Two-tailed: p = 2 × P(Z > |z|) = 2 × [1 − Φ(|z|)]
EX: z = 2.10 → P(Z > 2.10) = 1 − Φ(2.10) = 1 − 0.9821 = 0.0179 → Two-tailed p = 2 × 0.0179 = 0.0357 → Significant at α=0.05
P-value from a t-statistic (small samples or unknown σ):
Two-tailed: p = 2 × P(T_{df} > |t|)
EX: t = 2.10, df = 15 → Two-tailed p ≈ 0.053 → NOT significant at α=0.05 (just above the threshold — note how df affects the result vs. z-test)
Significance thresholds — conventional α levels:
α LevelSignificance Labelp-value RequiredCommon Use
0.10Marginalp < 0.10Exploratory research
0.05Significant *p < 0.05Most social and medical research
0.01Highly significant p < 0.01Stricter scientific standards
0.001Very highly significant *p < 0.001High-stakes clinical or policy decisions
A p-value answers one specific question: given that the null hypothesis is true, how probable is it to observe a test statistic at least as extreme as this one by chance? A small p-value means the data would be unlikely under the null hypothesis — not that the null is false, and not that the result is practically important. Statistical significance and practical significance are different things, and conflating them is the most common misuse of p-values in published research. The choice of significance threshold (α = 0.05, 0.01, or 0.001) is a design decision made before seeing the data — not a magic boundary that separates real from spurious effects. A p-value of 0.049 and 0.051 represent virtually identical evidence; treating them categorically differently is intellectually inconsistent. Reporting exact p-values, effect sizes, and confidence intervals together gives readers far more information than a binary significant/not-significant judgment.

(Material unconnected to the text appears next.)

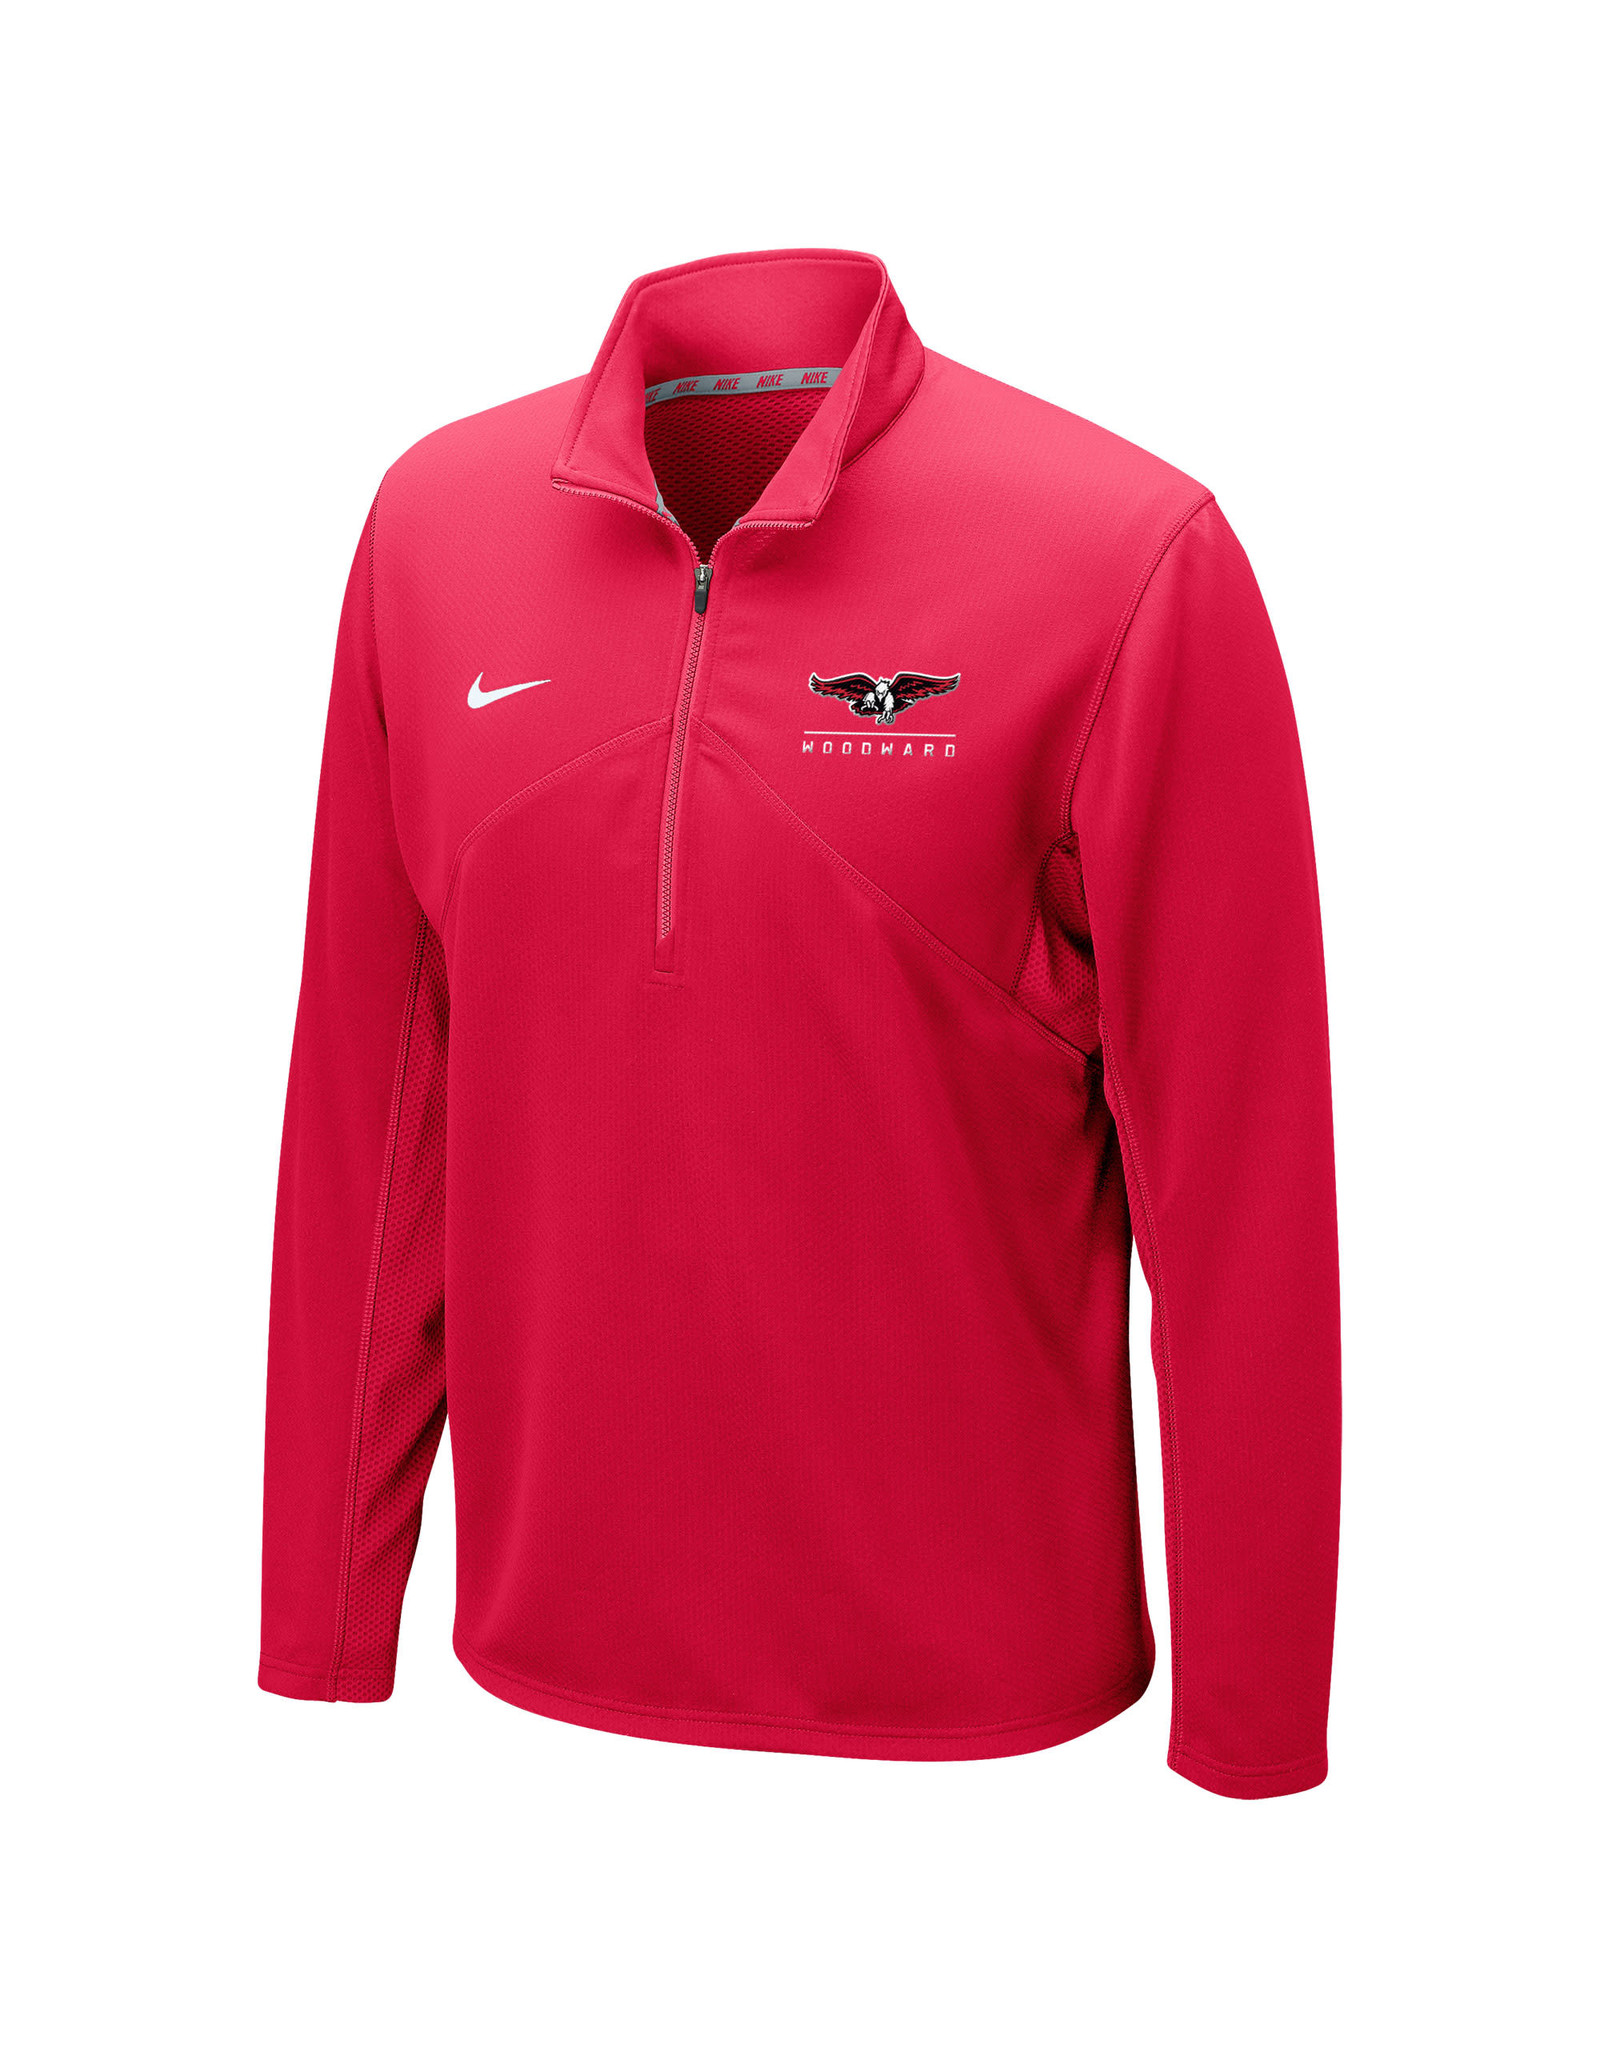 NIKE Dri-Fit Training 1/4 Zip Pullover in Red (Adult Small)

Frequently Asked Questions

The p-value is the probability of observing a test statistic as extreme as yours (or more extreme) if the null hypothesis were true. P=0.03 means: if H₀ is true (no real effect), there is only a 3% chance of getting a result this far from the expected value by random chance. Small p-values suggest the data is unusual under H₀ — not that H₀ is false. It is probabilistic evidence, not proof.

The 0.05 threshold was proposed by Ronald Fisher in the 1920s as a convenient rule of thumb — not a fundamental law. It means you accept a 5% false positive rate (rejecting a true H₀). Different fields use different thresholds: physics requires p < 0.0000003 (5-sigma) for new particle discovery; some clinical fields use p < 0.01. The 0.05 threshold is a convention, not a magic boundary between truth and falsehood.

Two-tailed: tests for a difference in either direction. P=0.04 (two-tailed) means 4% probability of this extreme a result in either direction. One-tailed: tests for a difference only in a specified direction (e.g., Group A > Group B). One-tailed p = two-tailed p ÷ 2. For the same data: two-tailed p=0.06 becomes one-tailed p=0.03. Always specify which before collecting data — switching post-hoc is invalid.

No. Statistical significance and practical importance are independent. With n=100,000, a difference of 0.1 units on a 100-point scale produces p<0.001 — statistically significant but completely trivial. With n=20, a difference of 10 units may give p=0.08 — not statistically significant but potentially practically important. Always interpret p alongside effect size (Cohen's d, η², etc.) and consider practical context.

Use z-test when: population standard deviation σ is known, or sample size is large (n > 30). Use t-test when: σ is unknown and estimated from the sample, and sample size is small (n ≤ 30). In practice, σ is almost always unknown, so t-tests are far more common. With large samples (n > 100), the t-distribution approaches the normal distribution and the distinction becomes negligible.

P=0.05 exactly sits on the conventional boundary, but there is nothing magical about it. Results at p=0.049 and p=0.051 represent virtually identical evidence — calling one 'significant' and the other 'not significant' is an artifact of the arbitrary threshold. Most methodologists recommend reporting exact p-values (p=0.05 or p=0.048 or p=0.052) rather than just 'significant/not significant', and always pairing with effect sizes and confidence intervals.